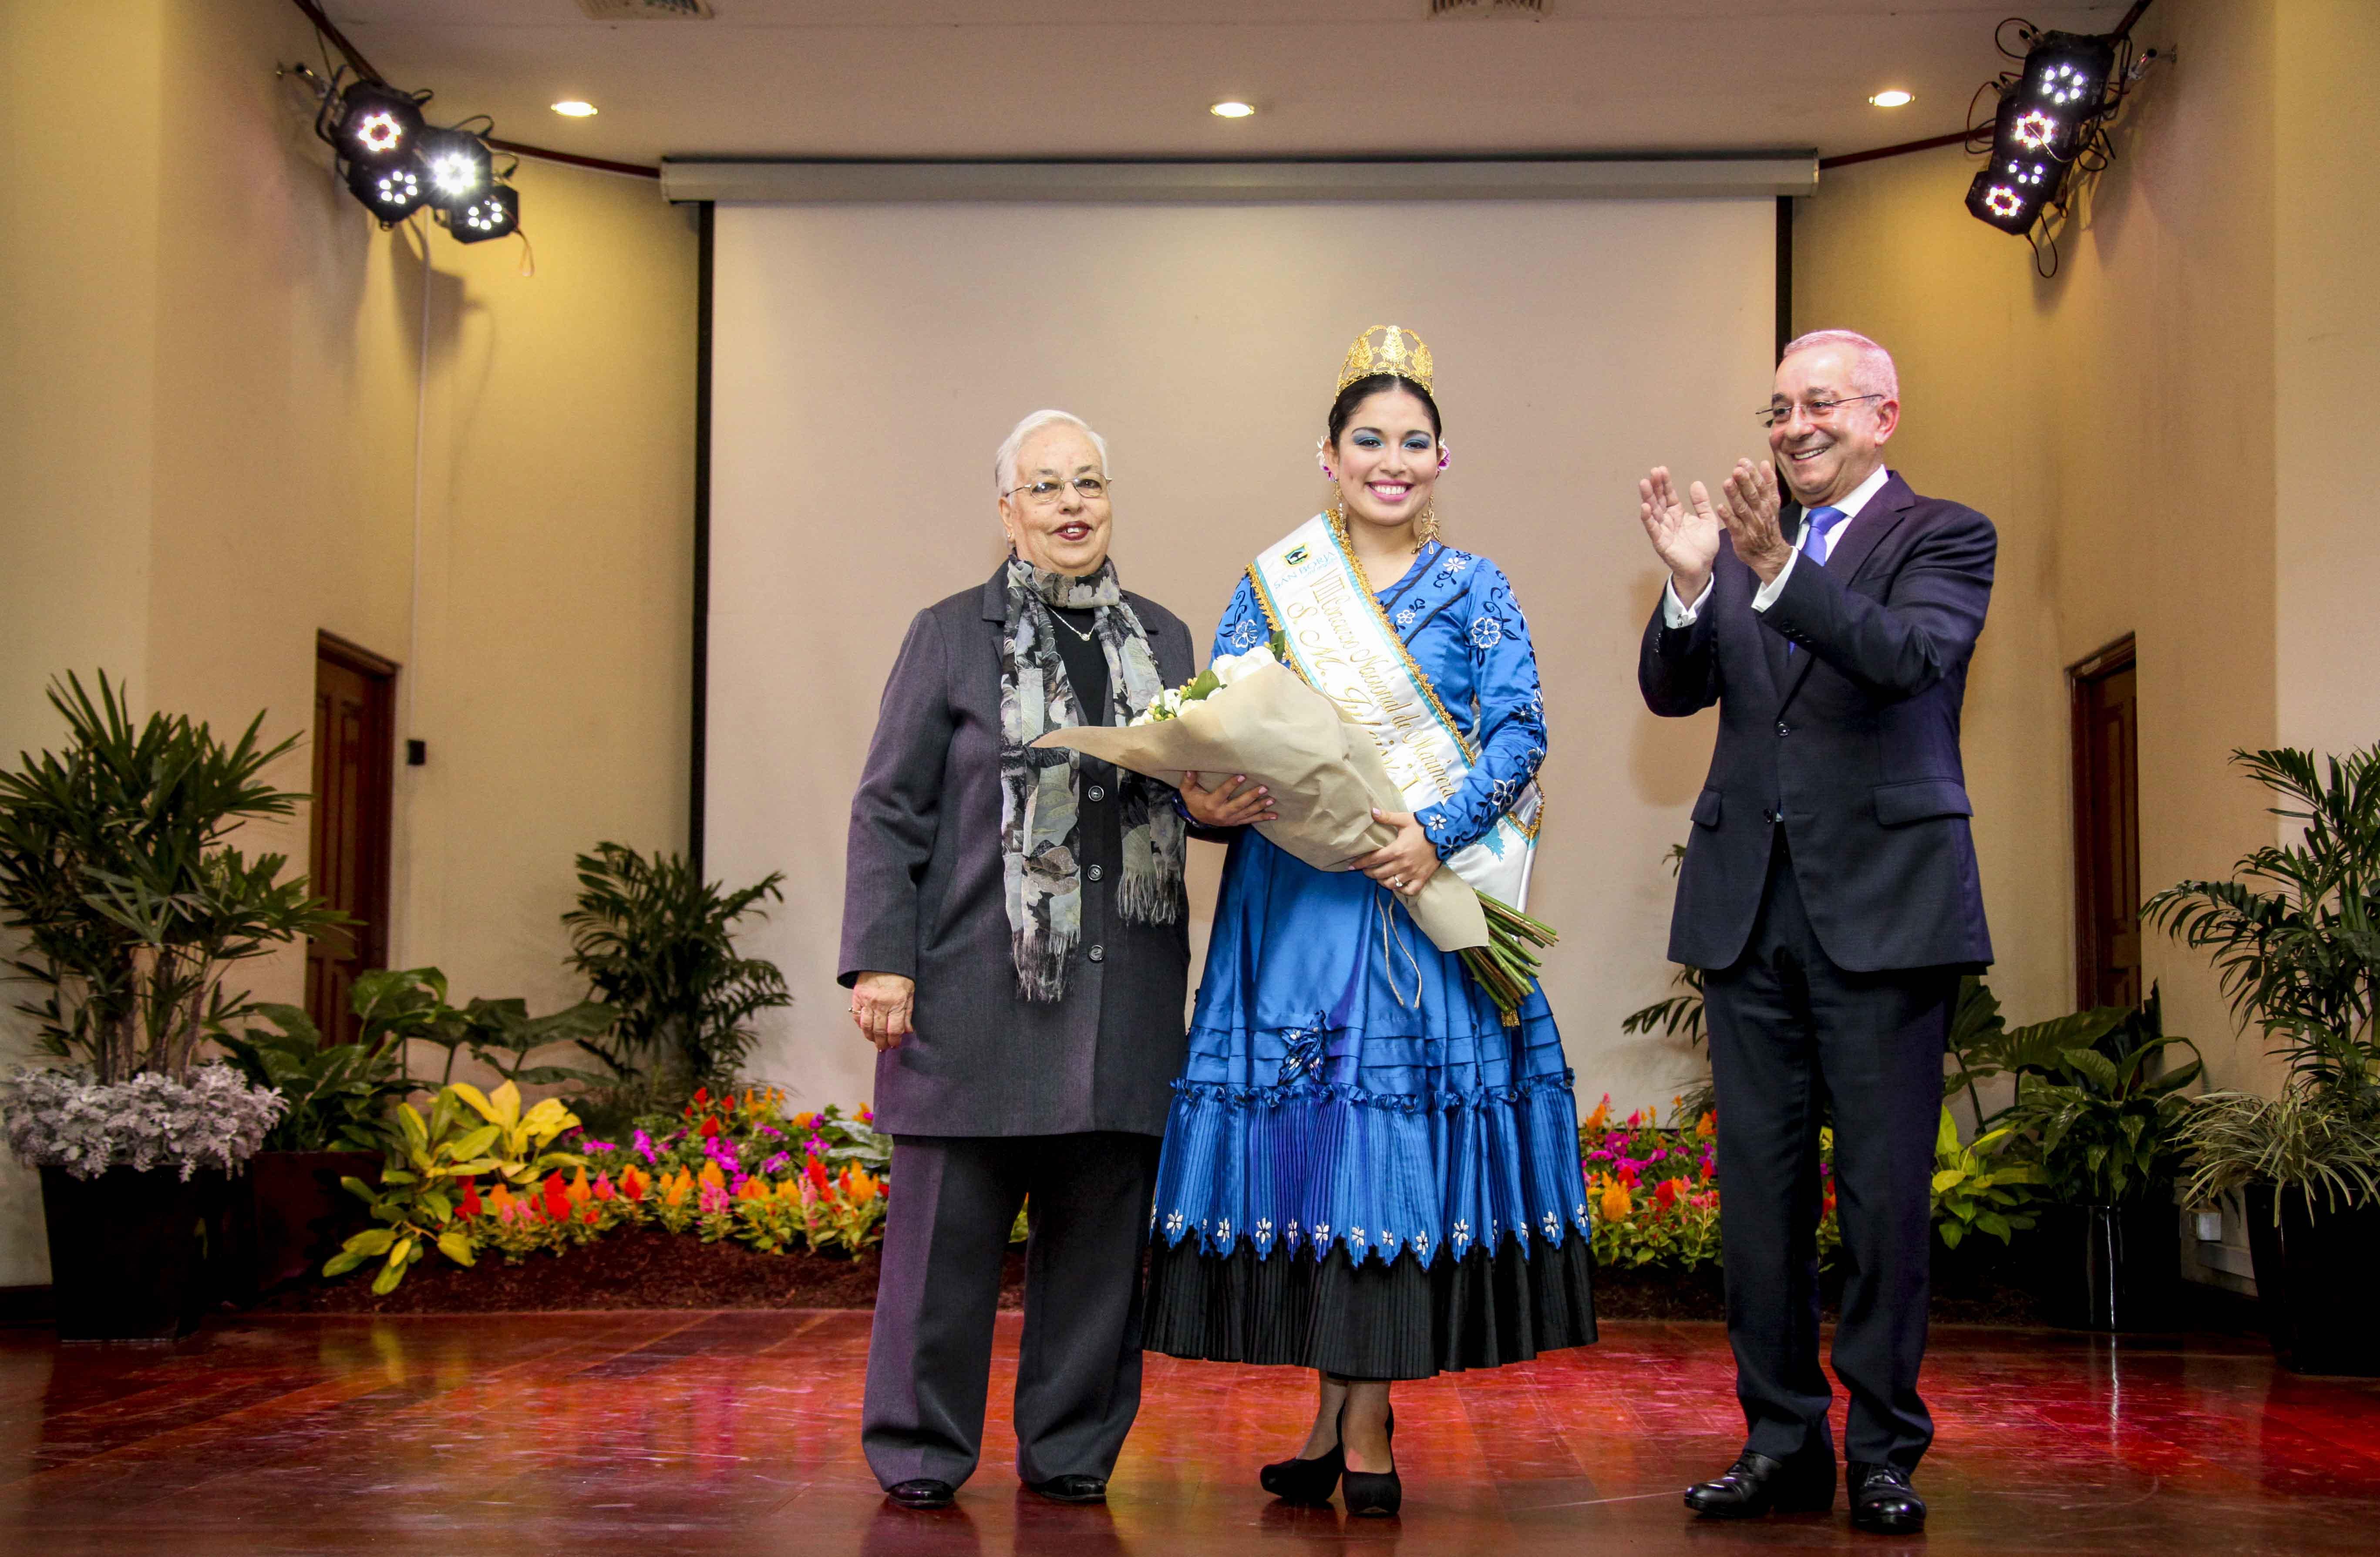 Concurso de Marinera Norteña de San Borja, a beneficio de los pacientes del ex Hospital del Niño
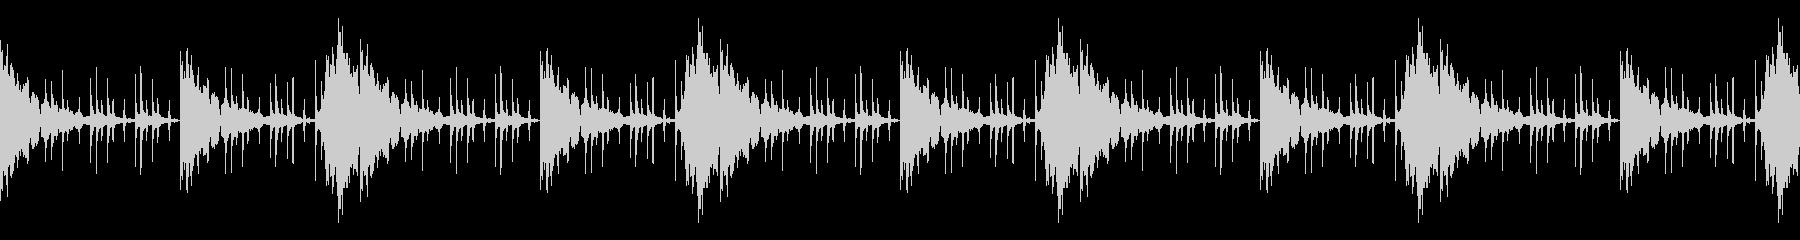 ループ素材_ホラー系の未再生の波形
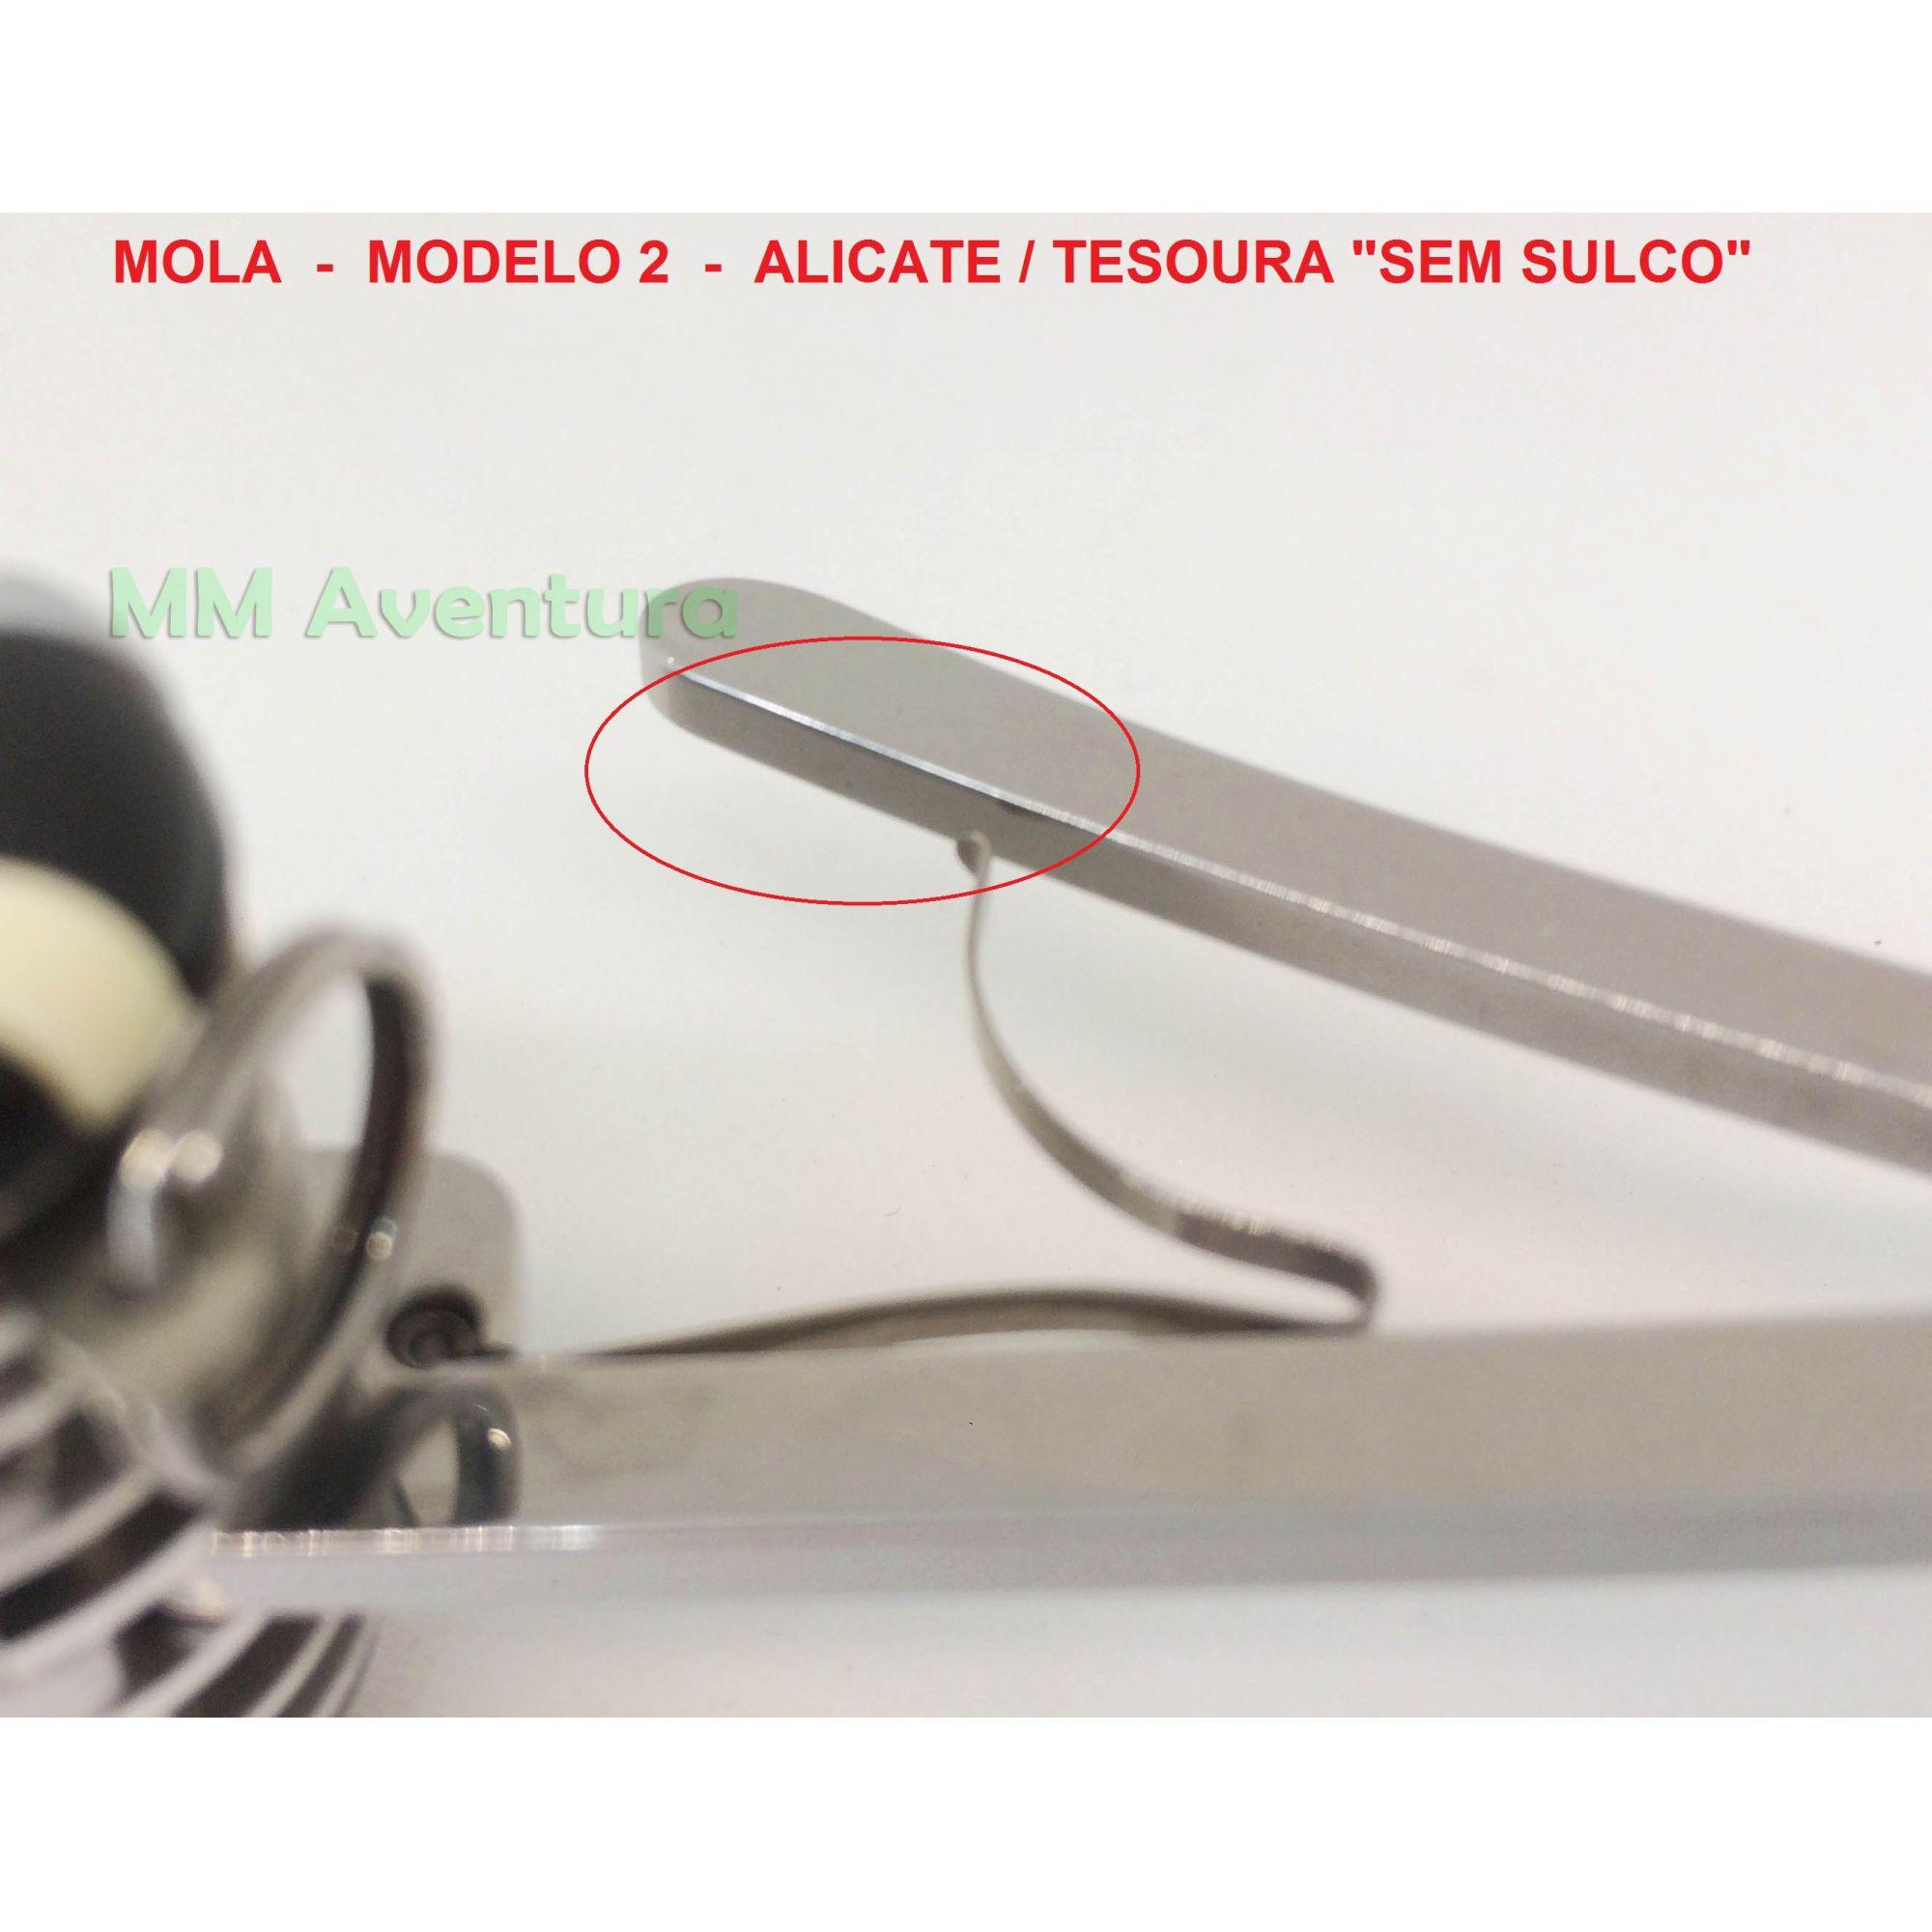 Mola Victorinox de Resposição p/ Tesoura e Alicate Canivetes de 58, 74, 84, 91, 111mm

= = = = = = =

#### [Work item]
Repeat only the lines from the one holding "ループ素材_ホラー系の未再生の波形" through the last line of the data, inclusive. Keep the pictures out.

#### [Response for this exercise]
 ループ素材_ホラー系の未再生の波形
 Mola Victorinox de Resposição p/ Tesoura e Alicate Canivetes de 58, 74, 84, 91, 111mm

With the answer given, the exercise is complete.